───── Collected data

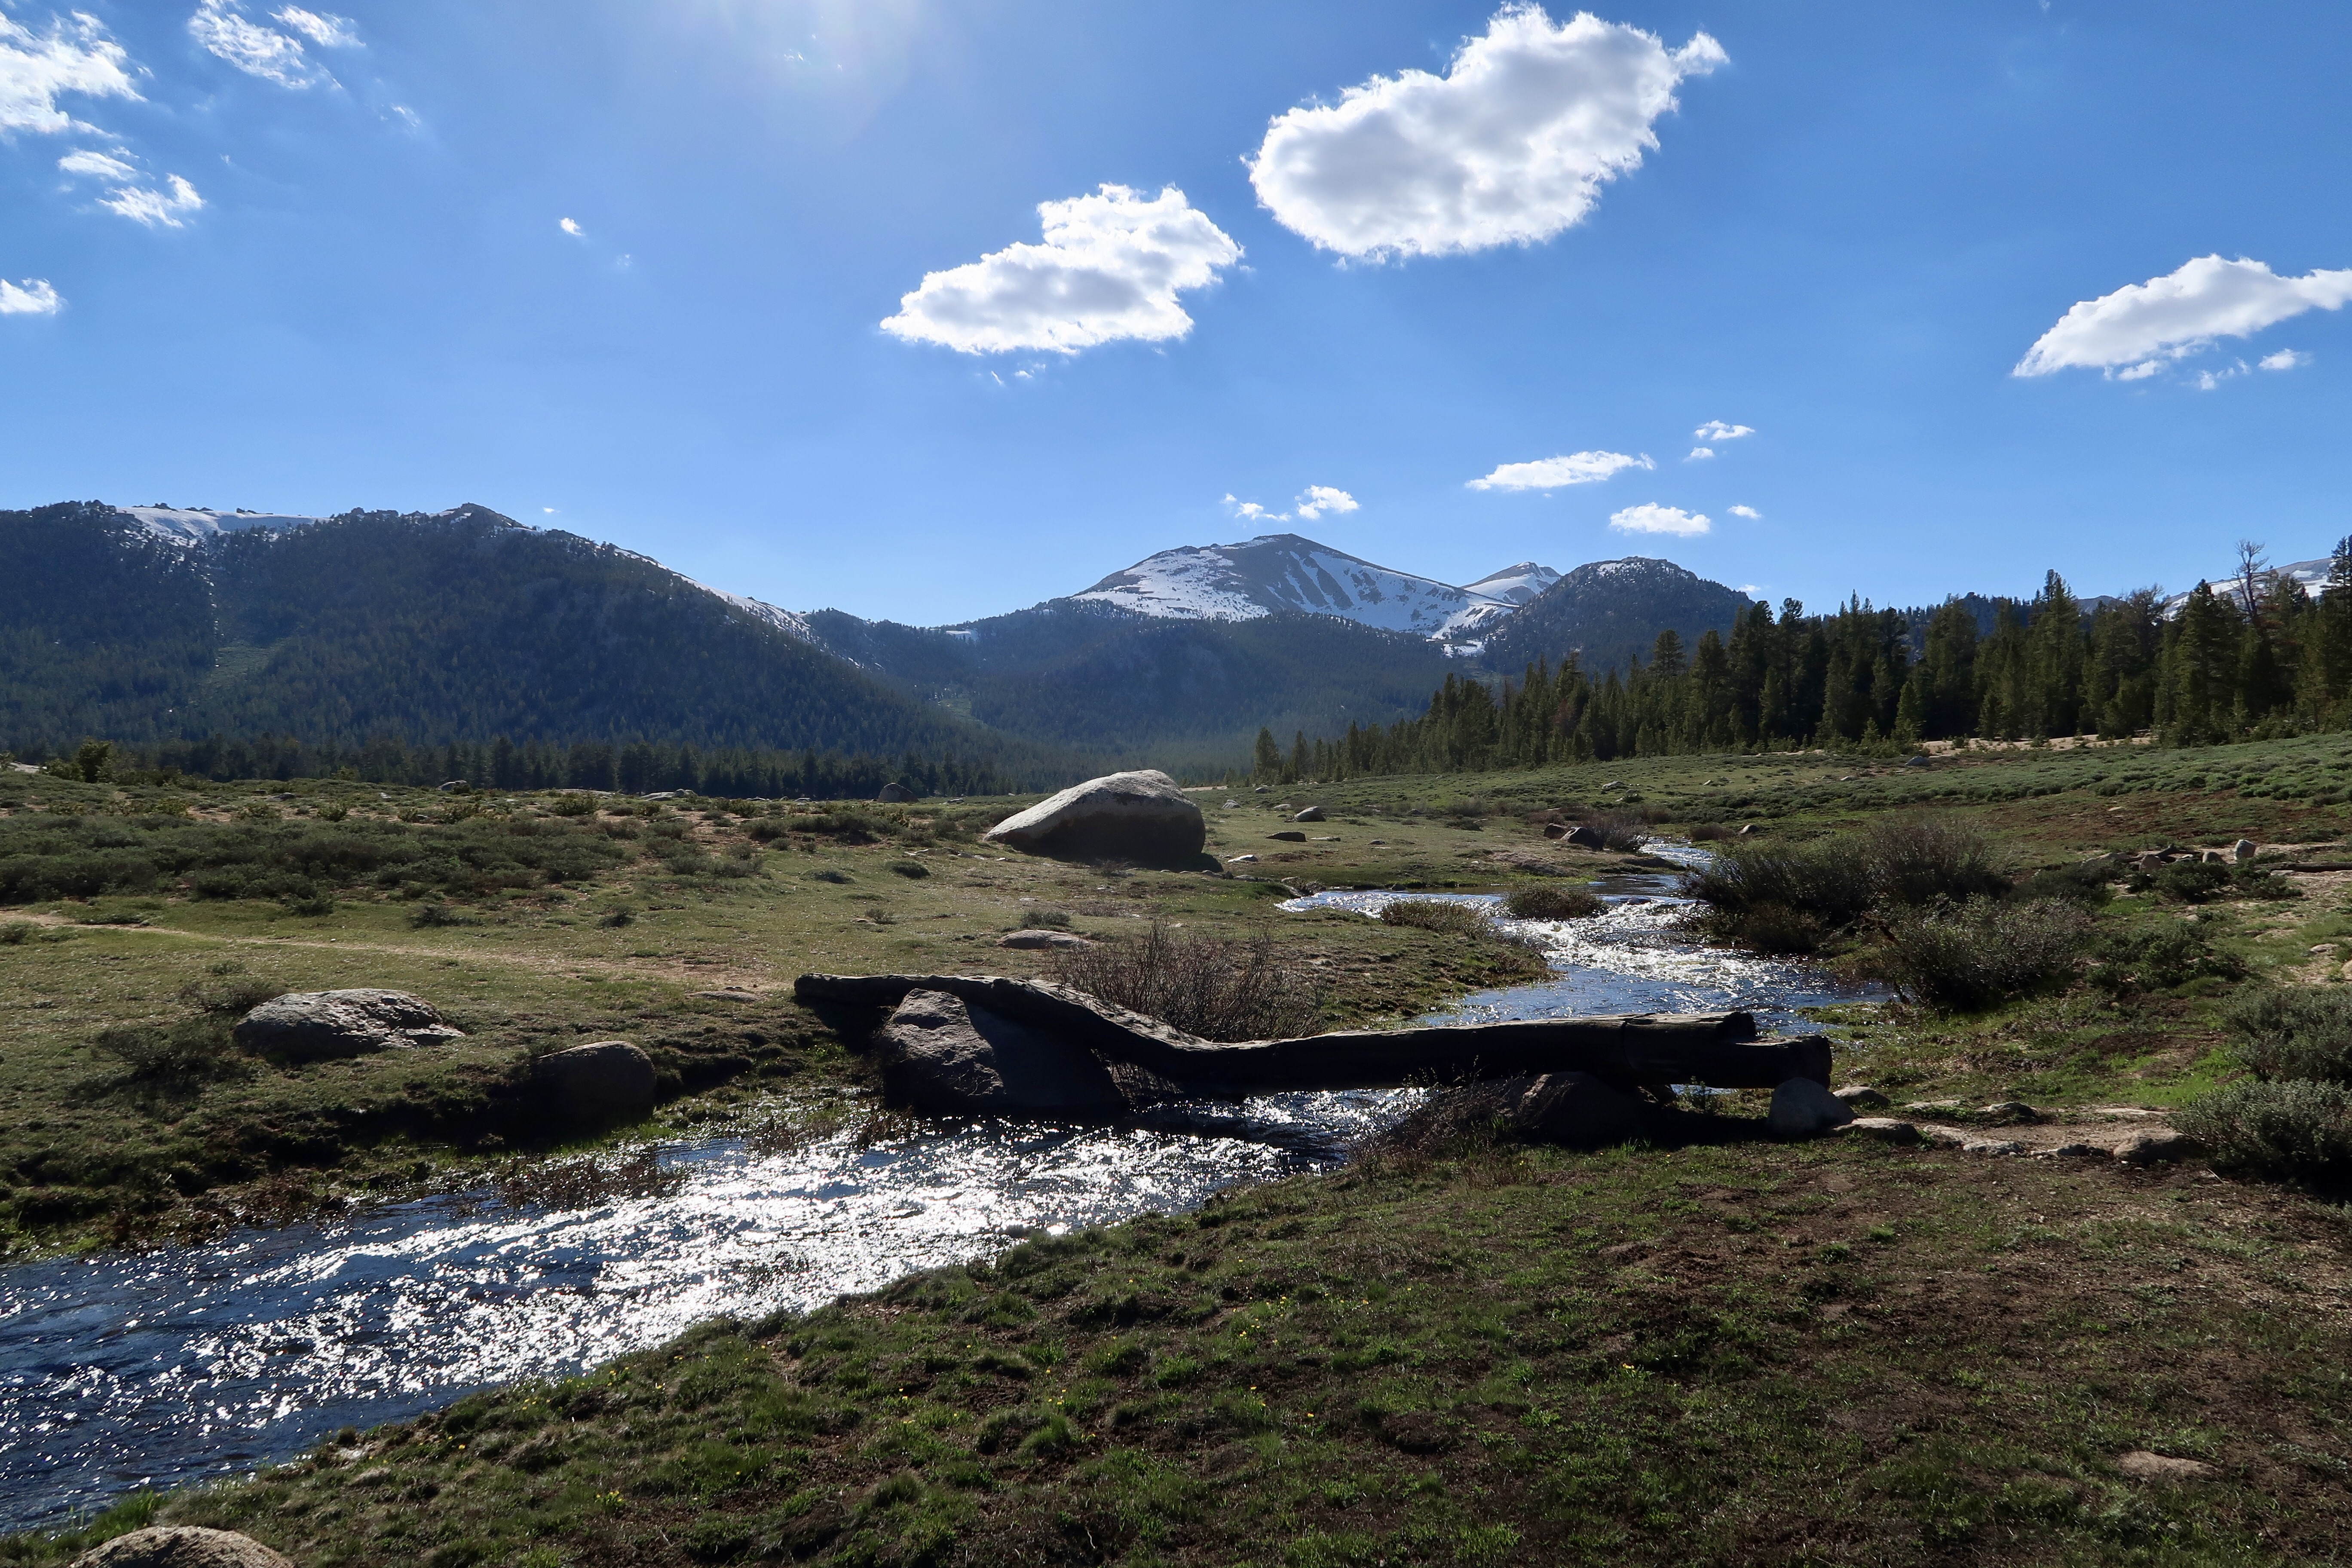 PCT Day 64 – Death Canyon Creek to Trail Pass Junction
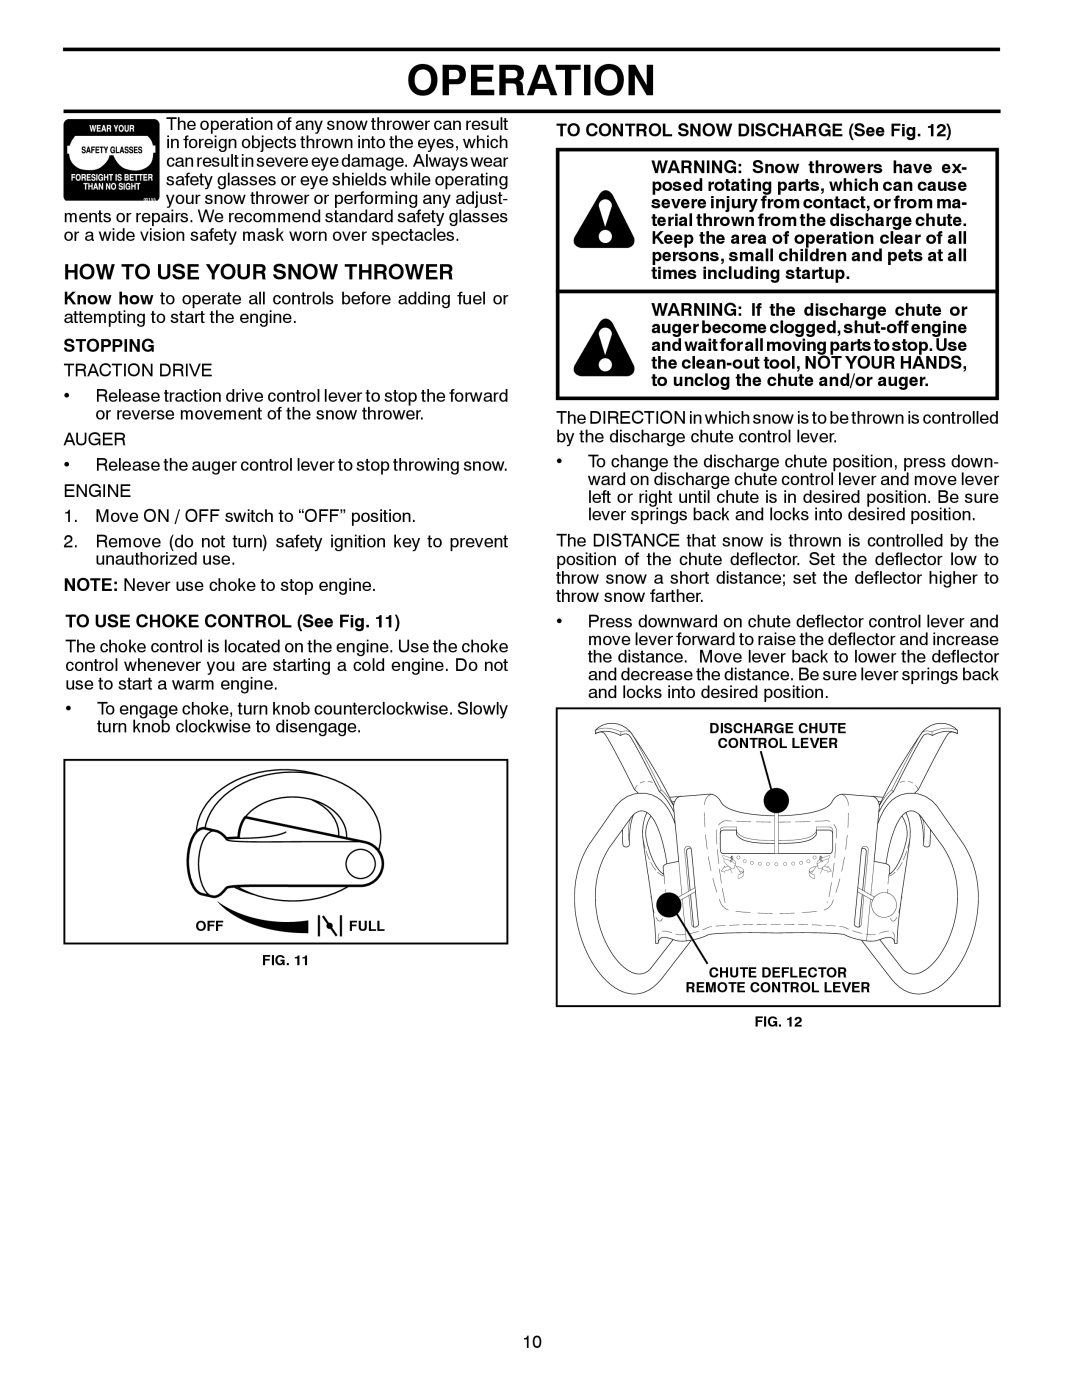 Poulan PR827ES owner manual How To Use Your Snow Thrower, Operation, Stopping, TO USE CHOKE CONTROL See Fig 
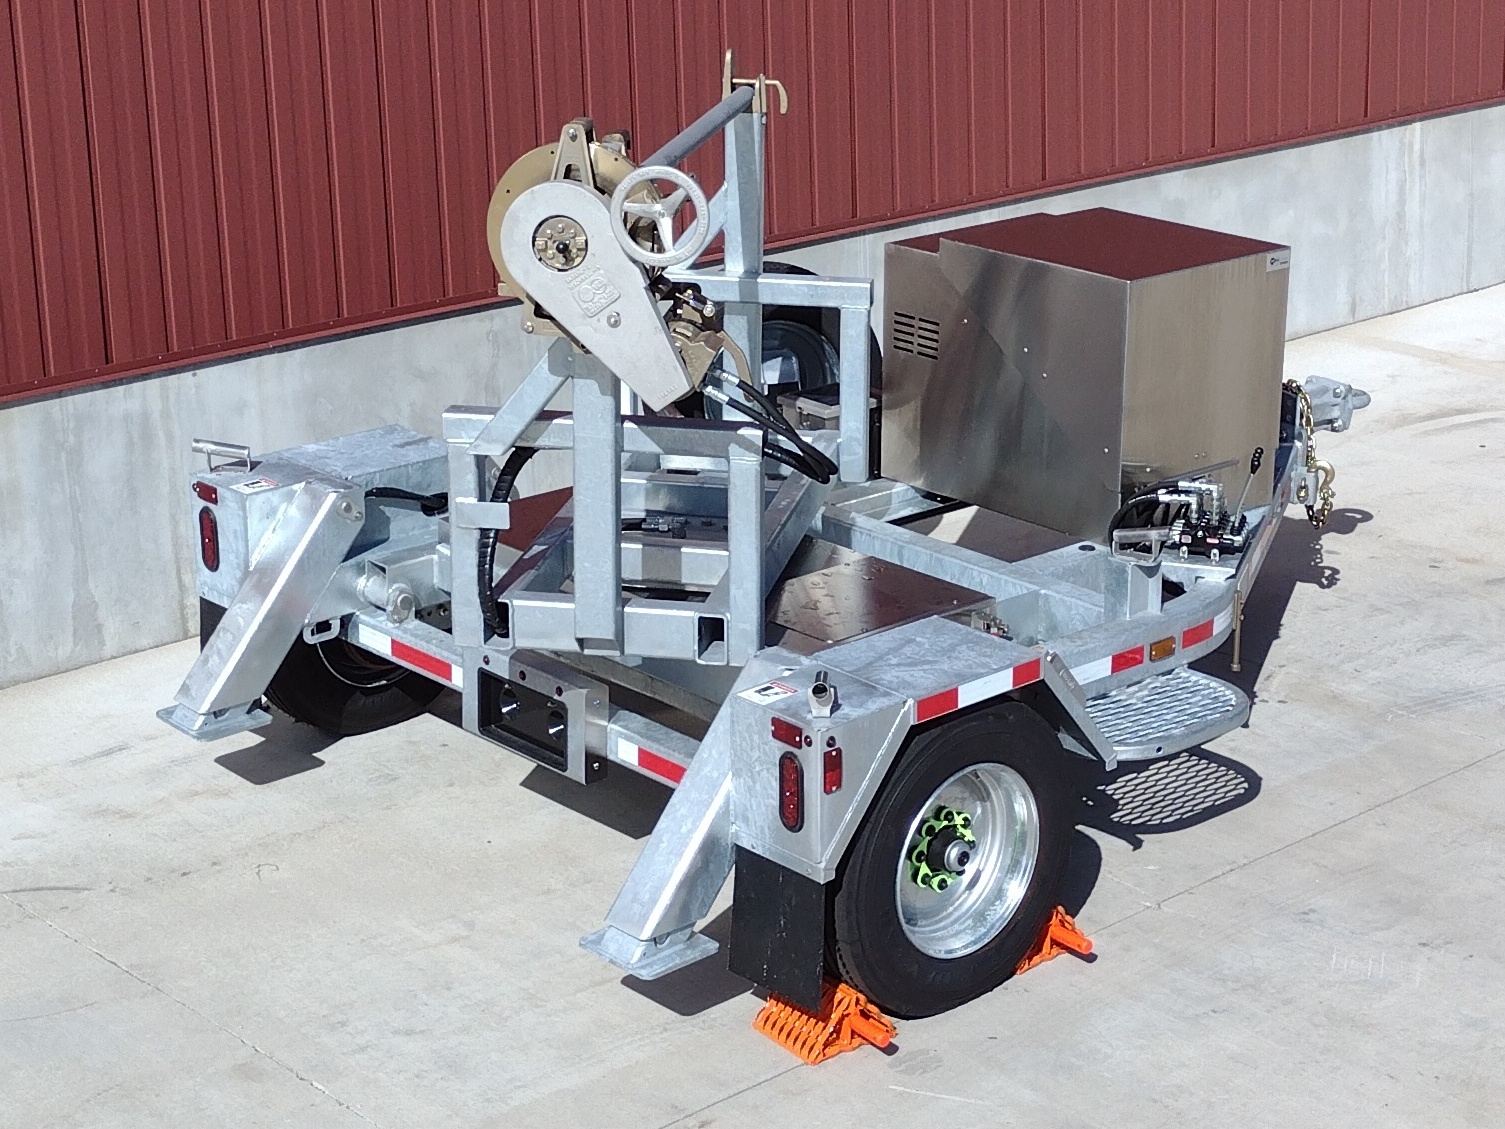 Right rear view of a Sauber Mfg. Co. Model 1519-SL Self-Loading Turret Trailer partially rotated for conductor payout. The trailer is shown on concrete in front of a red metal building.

──────────

→ **Task to carry out**: Restate the data above word for word. Do not include the images.

→ **Exercise answer**:
 PCT Day 64 – Death Canyon Creek to Trail Pass Junction
 Poulan PR827ES owner manual How To Use Your Snow Thrower, Operation, Stopping, TO USE CHOKE CONTROL See Fig 
 Right rear view of a Sauber Mfg. Co. Model 1519-SL Self-Loading Turret Trailer partially rotated for conductor payout. The trailer is shown on concrete in front of a red metal building.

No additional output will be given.